Untuk mencapai 5,5 persen pada akhir tahun, perlu kerja ekstrakeras. Rasio
gini sebagai indikator ketimpangan meningkat dalam lima tahun terakhir dari
0,39 pada 2009 menjadi 0,41 pada 2013.
Selain
tak menjamin pemerataan, pertumbuhan tinggi juga butuh prasyarat berat. Jika
tidak, pertumbuhan justru menimbulkan instabilitas. Perekonomian kita mudah
kepanasan karena tak punya kapasitas untuk tumbuh cepat. Untuk menjaga
pertumbuhan 5,5 persen saja sudah menimbulkan ”ketidakseimbangan” eksternal
dan internal. Ketidakseimbangan eksternal terjadi saat defisit neraca
transaksi berjalan di atas 2,5 persen produk domestik bruto dan secara
internal defisit anggaran di atas 3 persen. Tidak heran jika suku bunga acuan
BI relatif tinggi (7,5 persen) dan anggaran kementerian/lembaga dipotong Rp
100 triliun.
Rentannya
neraca transaksi berjalan salah satunya karena merosotnya kinerja
perdagangan.
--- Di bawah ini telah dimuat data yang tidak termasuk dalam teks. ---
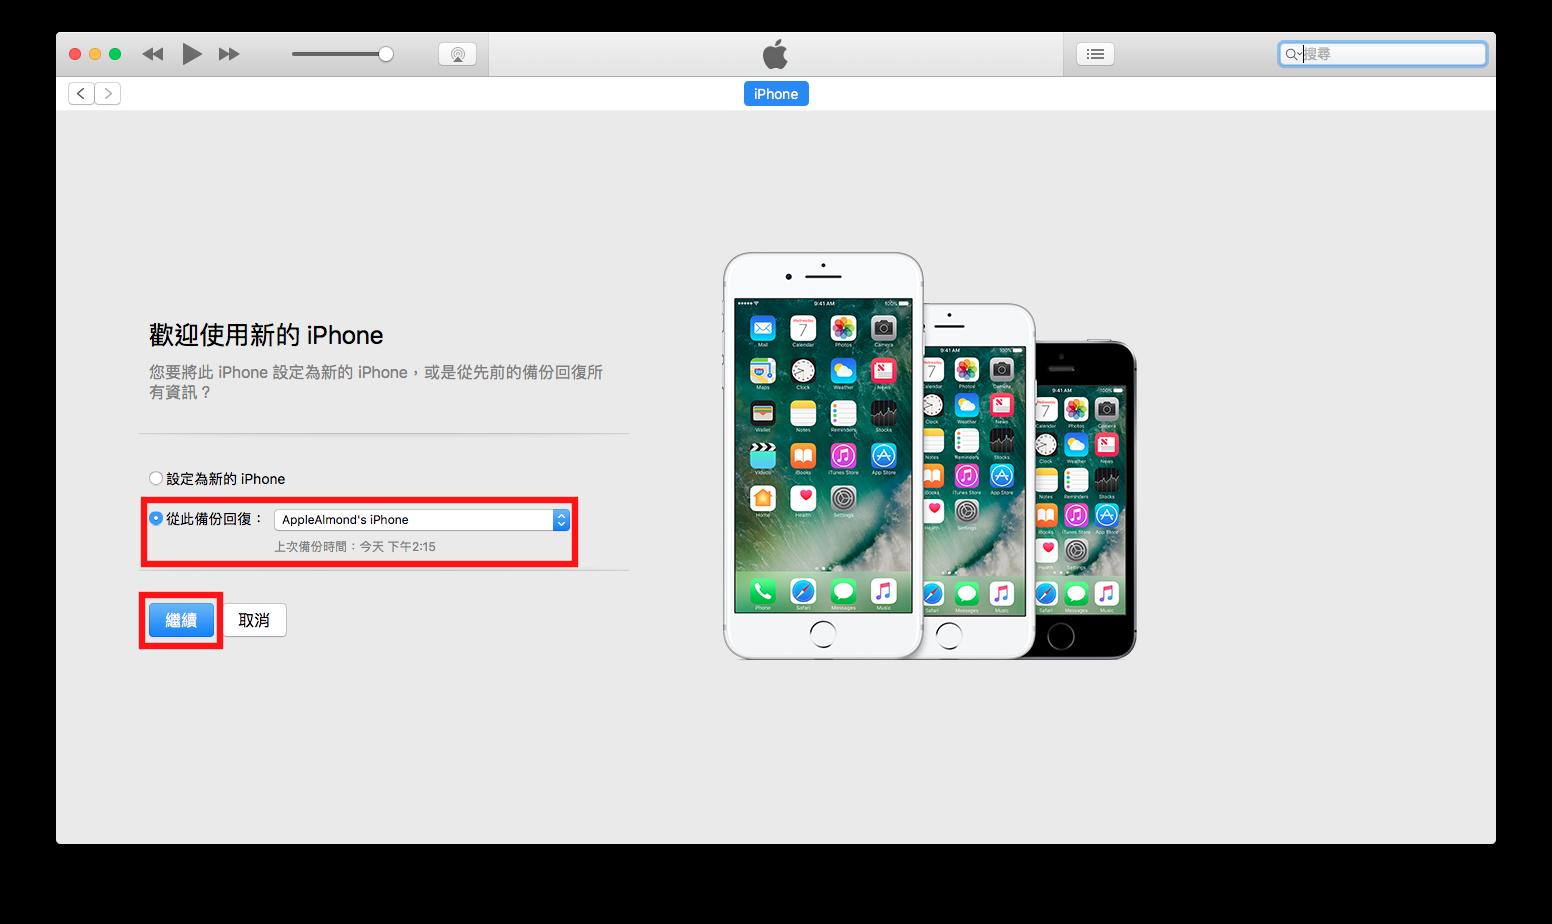 回復到新的iPhone

Setelah surplus pada triwulan I, neraca perdagangan April
kembali defisit hingga 1,96 miliar dollar AS. Meski triwulan I neraca
perdagangan surplus 3,5 miliar dollar AS, neraca transaksi berjalan tetap
defisit 4,19 miliar dollar AS. Sebab, neraca jasa defisit 2,2 miliar dollar
AS dan pendapatan bersih (net income)
defisit 6,4 miliar dollar AS. Secara umum, defisit neraca transaksi berjalan
menunjukkan ketidakmampuan kita tumbuh dengan sumber daya internal sehingga
harus menjadi net-borrower dari
luar. Kita tak punya kemandirian ekonomi.
Di
tengah neraca barang berfluktuasi, neraca jasa dan pendapatan selalu defisit.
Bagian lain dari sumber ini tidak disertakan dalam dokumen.